Hi, I actually try to run Loki in a simple scalable deployment mode as statefulset. I have a statefulset for the read and write instances with a persistent volume. I also configured loki to use the filesystem with rook-cephfs as persitent volume to store everything except the wal directory. That is working well but I got error messages for the tsdb index:
remove /data/tsdb-index/multitenant/index_19558/1689841408-loki-write-5.tsdb: no such file or directory
The index was already deleted on a different node/pod, since the data is stored on a shared volume it can’t be deleted within this pod anymore.I read the documentation and found the information to set an index_gateway_client - unfortunately the documentation is a little bit tenuous about that component and it is not clear for me how to configure that in a simple scalable deployment mode?
// Edit:
Or to ask in another way, is it possible to run Loki in simple scalable deployment mode and use only the filesystem as storage? The helm chart for example mentioned it is not possible but I already run Loki in this mode. But I have problems with random restarts and the mentioned error messages in my log.
My Loki config looks like the code below. This config is used by two statefulsets that are configured as read or write Loki deployment, in front of the pods is a loadbalancer that send the traffic in round robbin.
auth_enabled: false
chunk_store_config:
max_look_back_period: 120h
common:
path_prefix: /data
storage:
filesystem:
chunks_directory: /data/chunks
rules_directory: /data/rules
compactor_address: http://loki-loadbalancer:3100
compactor:
working_directory: /data/compactor
shared_store: filesystem
frontend:
log_queries_longer_than: 5s
compress_responses: true
max_outstanding_per_tenant: 2048
ingester:
lifecycler:
join_after: 10s
observe_period: 5s
ring:
replication_factor: 3
kvstore:
store: memberlist
final_sleep: 0s
chunk_idle_period: 1m
wal:
enabled: true
dir: /wal
checkpoint_duration: 15m
max_chunk_age: 1m
chunk_retain_period: 30s
chunk_encoding: snappy
chunk_target_size: 1.572864e+06
chunk_block_size: 262144
flush_op_timeout: 10s
limits_config:
max_cache_freshness_per_query: '10m'
enforce_metric_name: false
reject_old_samples: true
reject_old_samples_max_age: 30m
ingestion_rate_mb: 10
ingestion_burst_size_mb: 20
# parallelize queries in 15min intervals
split_queries_by_interval: 15m
query_range:
# make queries more cache-able by aligning them with their step intervals
align_queries_with_step: true
max_retries: 5
parallelise_shardable_queries: true
cache_results: true
ruler:
enable_api: true
wal:
dir: /wal/ruler-wal
storage:
type: local
local:
directory: /data/rules
rule_path: /tmp/prom-rules
remote_write:
enabled: true
clients:
local:
url: http://prometheus:9090/api/v1/write
queue_config:
# send immediately as soon as a sample is generated
capacity: 1
batch_send_deadline: 0s
schema_config:
configs:
- from: "2023-07-01"
index:
period: 24h
prefix: index_
object_store: filesystem
schema: v12
store: tsdb
server:
http_listen_address: 0.0.0.0
grpc_listen_address: 0.0.0.0
http_listen_port: 3100
grpc_listen_port: 9095
log_level: info
storage_config:
tsdb_shipper:
active_index_directory: /data/tsdb-index
cache_location: /data/tsdb-cache
shared_store: filesystem
filesystem:
directory: /data/chunks
table_manager:
retention_deletes_enabled: true
retention_period: 120h
memberlist:
join_members: ["loki-read-headless", "loki-write-headless"]

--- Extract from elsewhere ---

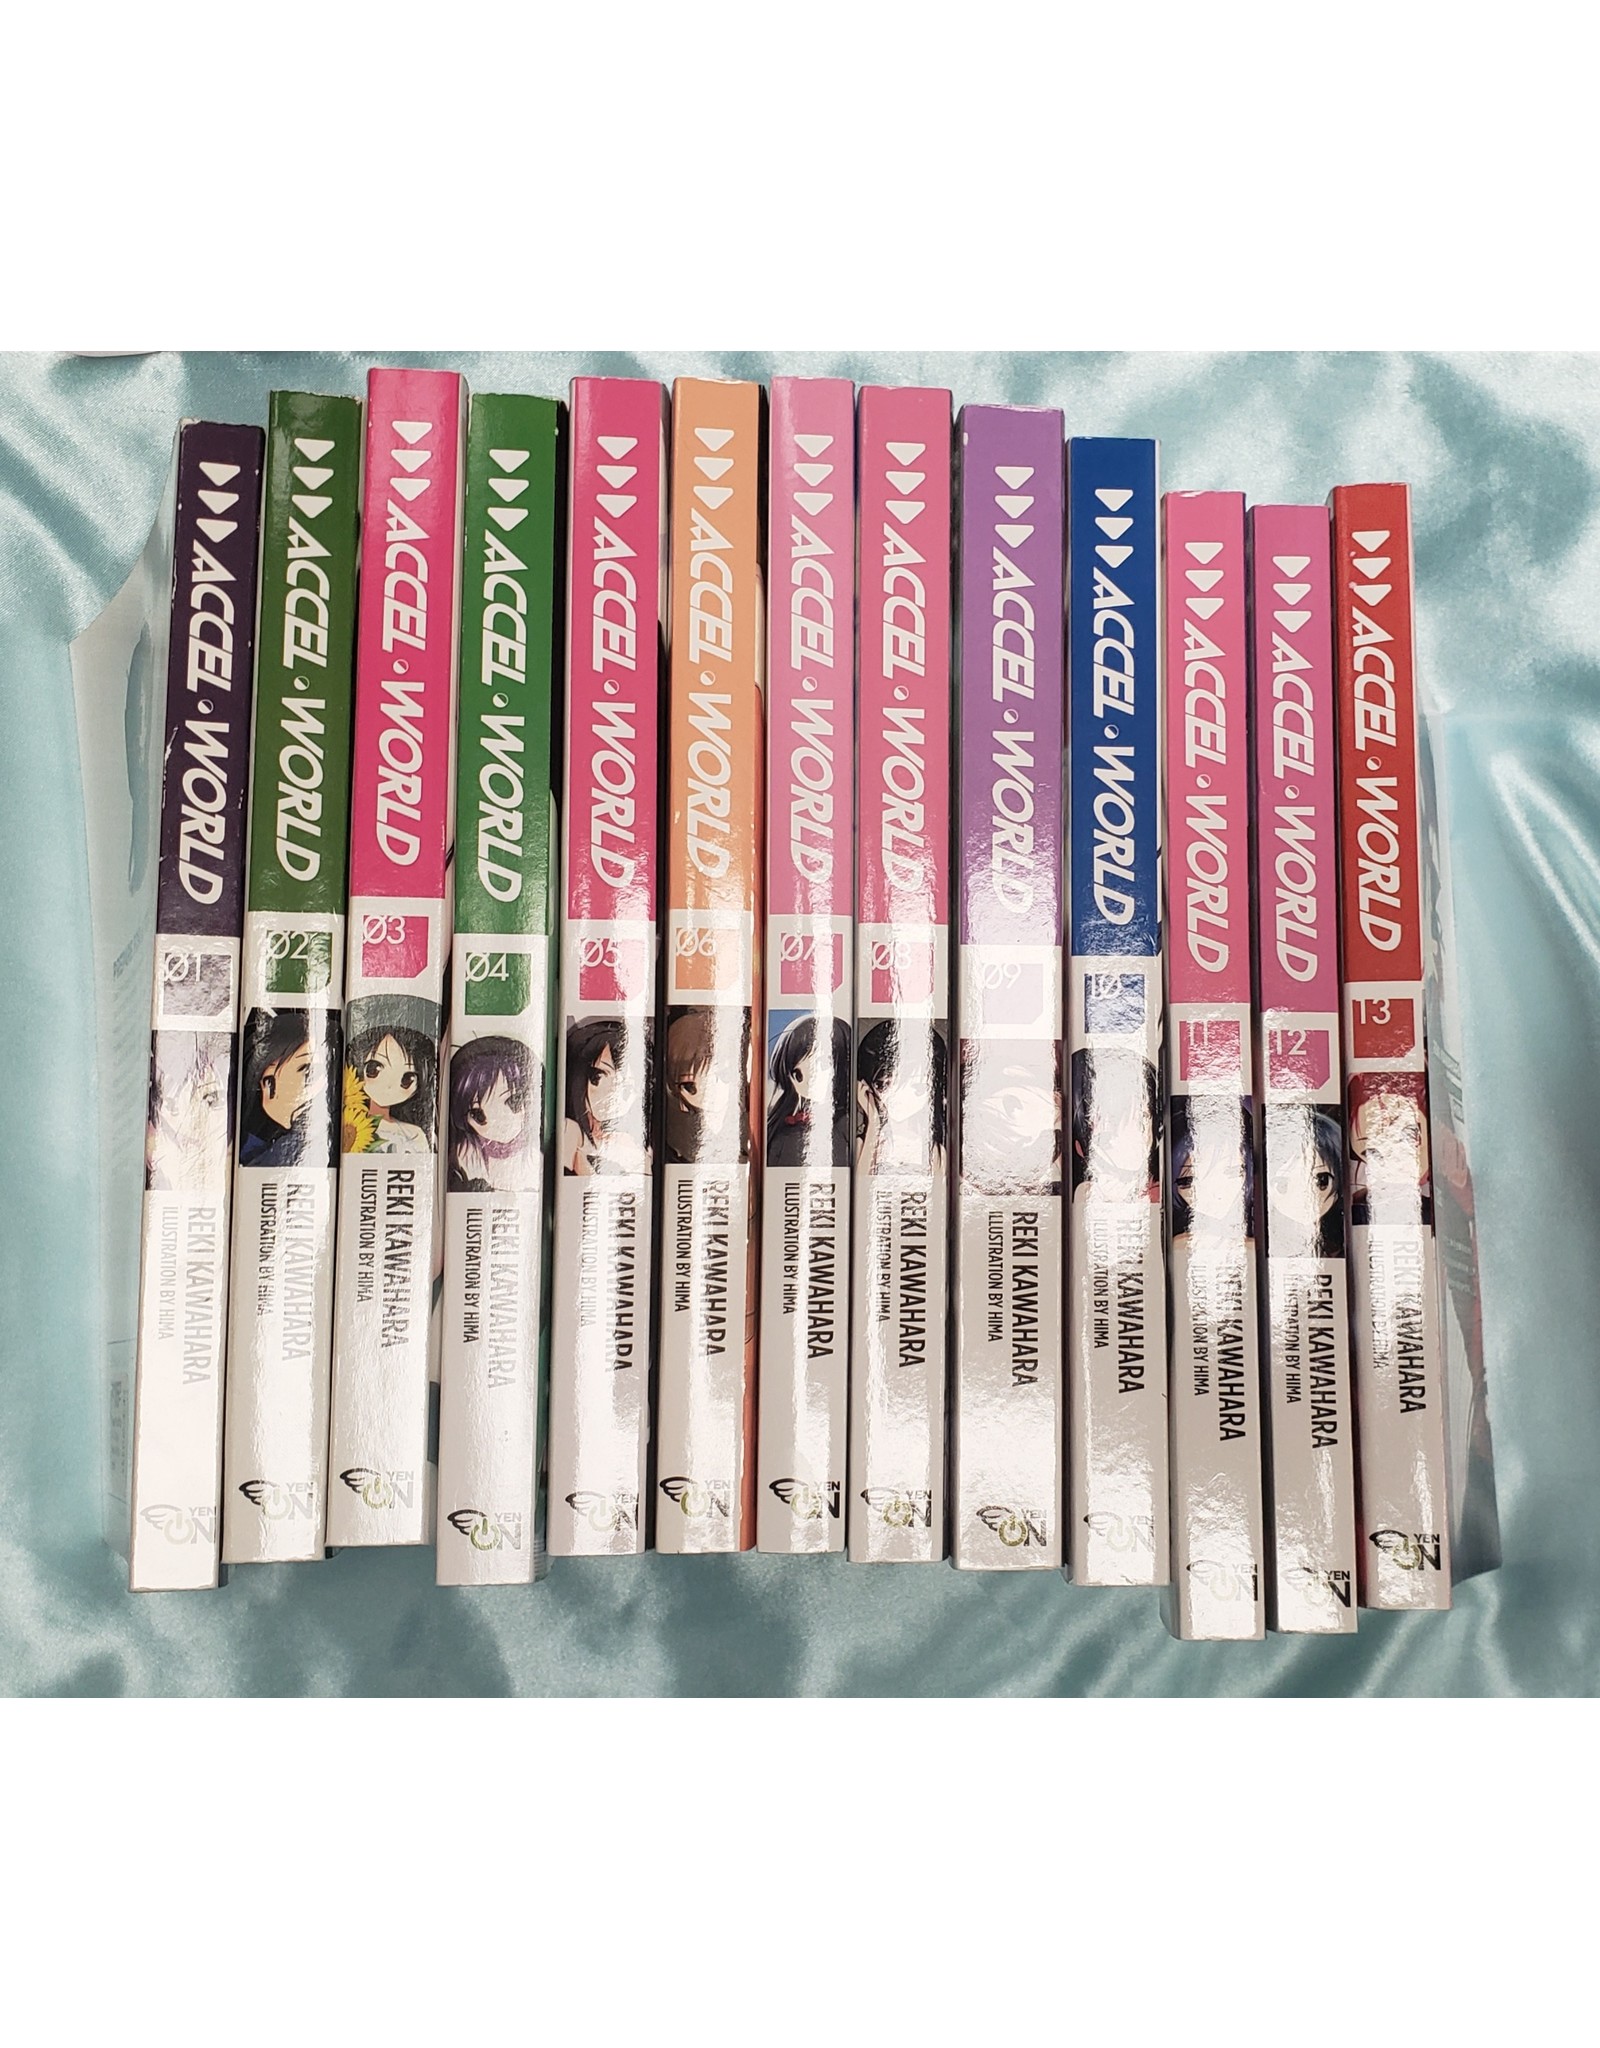 Accel World Vol. 1-13 Light Novel Bundle (used)

dead_node_reclaim_time: 30s
gossip_to_dead_nodes_time: 15s
left_ingesters_timeout: 30s
bind_addr: ['0.0.0.0']
bind_port: 7946
gossip_interval: 2s
querier:
query_ingesters_within: 2h
query_scheduler:
max_outstanding_requests_per_tenant: 1024
Edit2:
I configured Loki now like the following:
- Each write pod deployed through the statefulset has a dedicated volume for the index, that means that every write pods writes and stores own index files
- The read pods have a shared volume and store the cache of the index, that means all read pods access the same cache files
Till now I don’t see index deletion errors anymore, can I be sure, that with every read request the whole index is accessed?